We’re no longer seventeen. We no longer have quite as many years ahead of us, and in some important ways, our eyes have been opened to the world’s truths. But that doesn’t mean we can’t pick up where we left off. There’s no reason we can’t still have that future, albeit with a decade lost to time in between. 

I watch Mackenzie. She doesn’t know this man, yet she fits with him like the missing piece of a puzzle. And I watch Grady with her, and I see how he’d be as a father. How he could have been as a father. How he is being a father, right here and now. 

Yes. I could be happy here. 

All the day’s problems feel far away. I don’t want to send my mind out to the things that were bothering me so badly earlier, but in an intellectual way I know they’re there … and yet I don’t care. Whatever is wrong, I have my family. Whatever happens, it will all work out. Whatever goes wrong, Grady will make it right. 

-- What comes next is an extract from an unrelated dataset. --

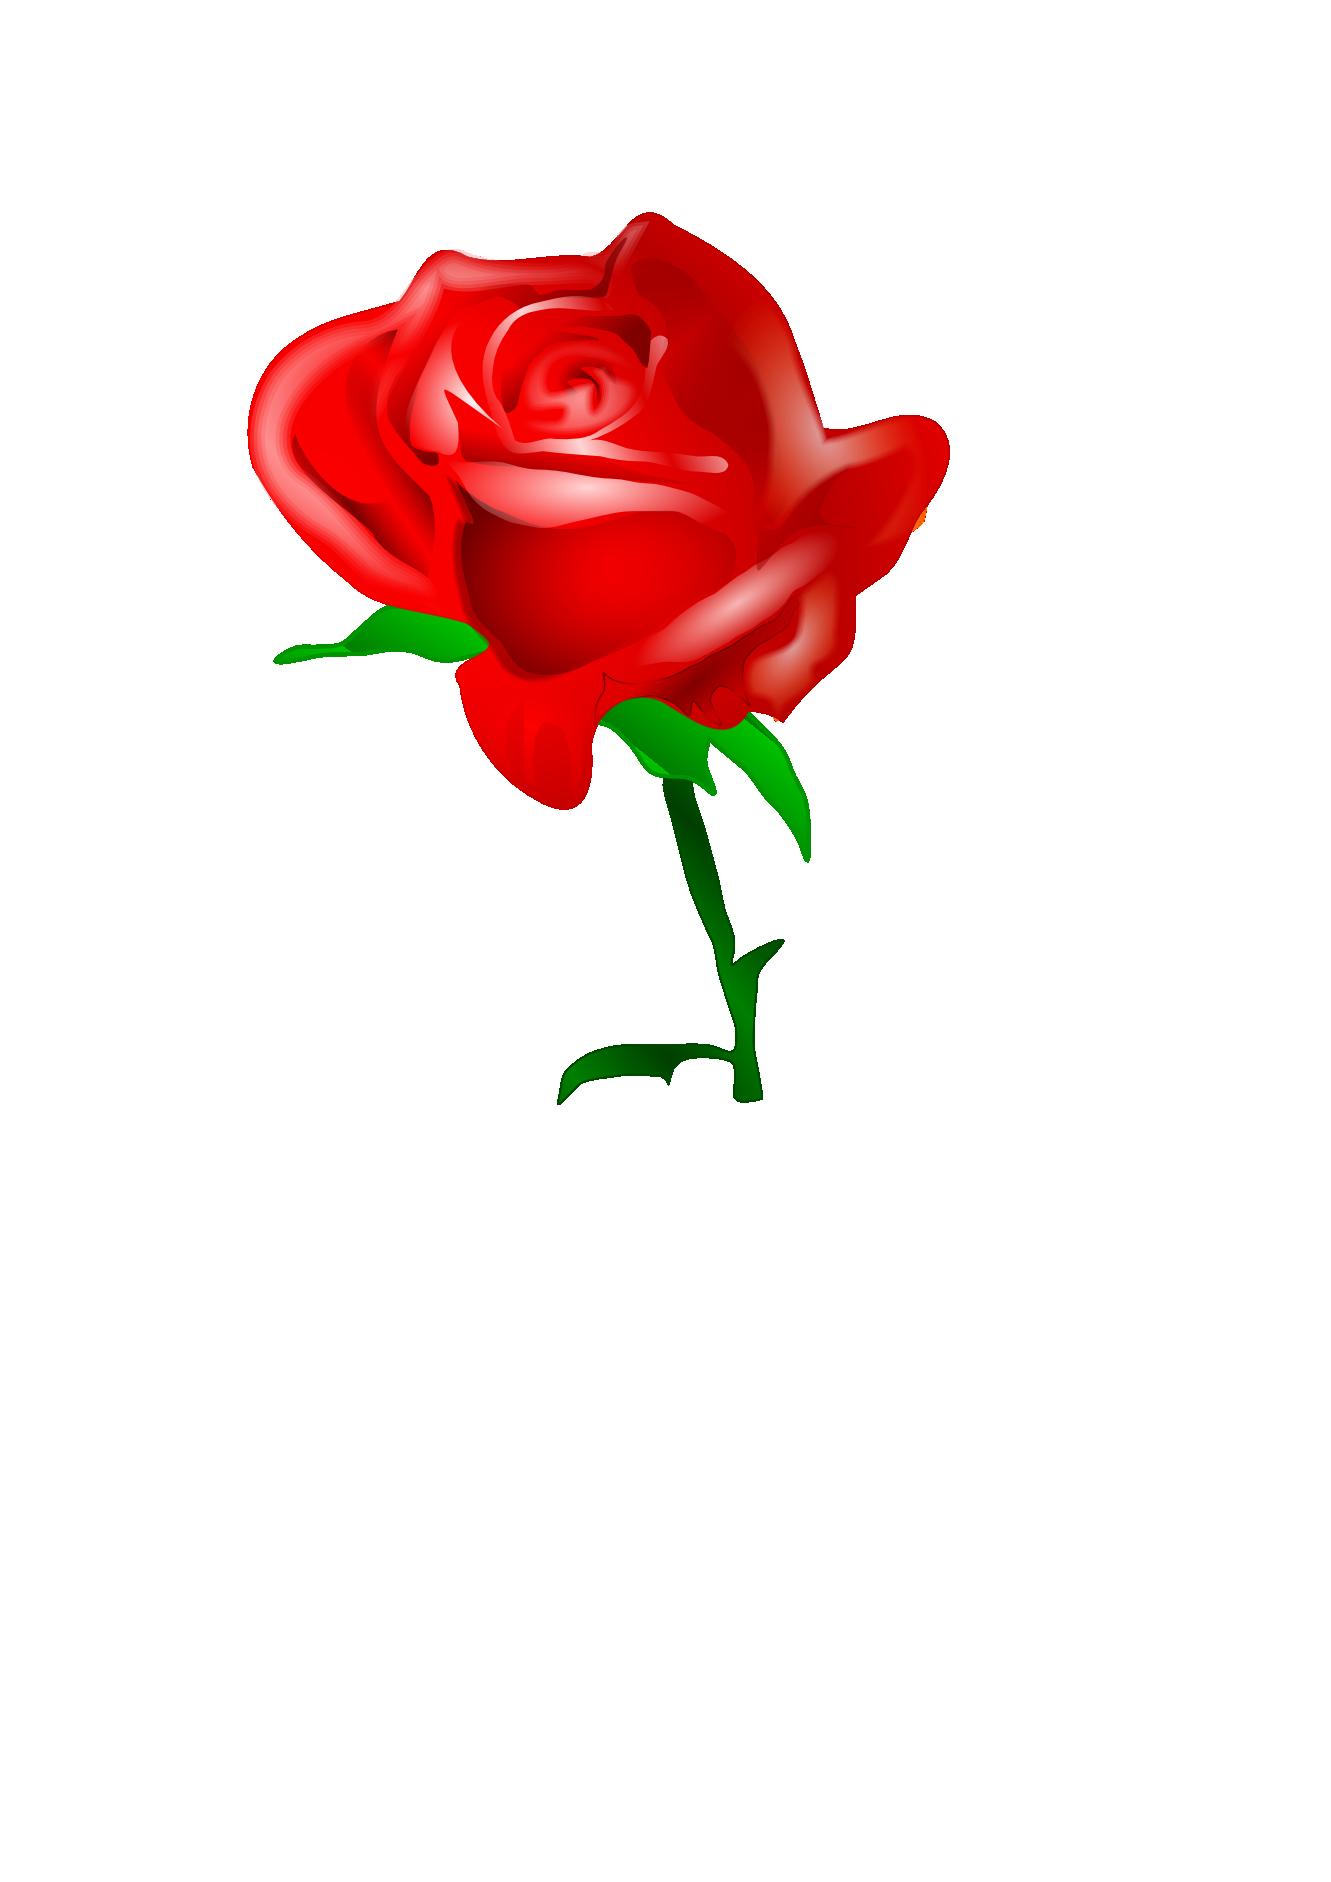 Gardener clipart family. Rose garden at getdrawings

I wonder if I’m being stupid all over again. I have no idea how Grady feels, other than the inkling I first got from his text and the impression that’s continued with our shared glances since. Maybe he could love me again. Maybe he never stopped, the way I suppose I never really stopped loving him. Or maybe I’m building a house of cards that could collapse at any time. 

It doesn’t matter. Maybe I’m wrong to feel this way. Maybe I’m being an idiot. I simply don’t care. For now, it feels good. For now, I’m happy.

Maybe I’m setting myself up to get hurt all over again. But tonight it’s a chance I’m willing to take.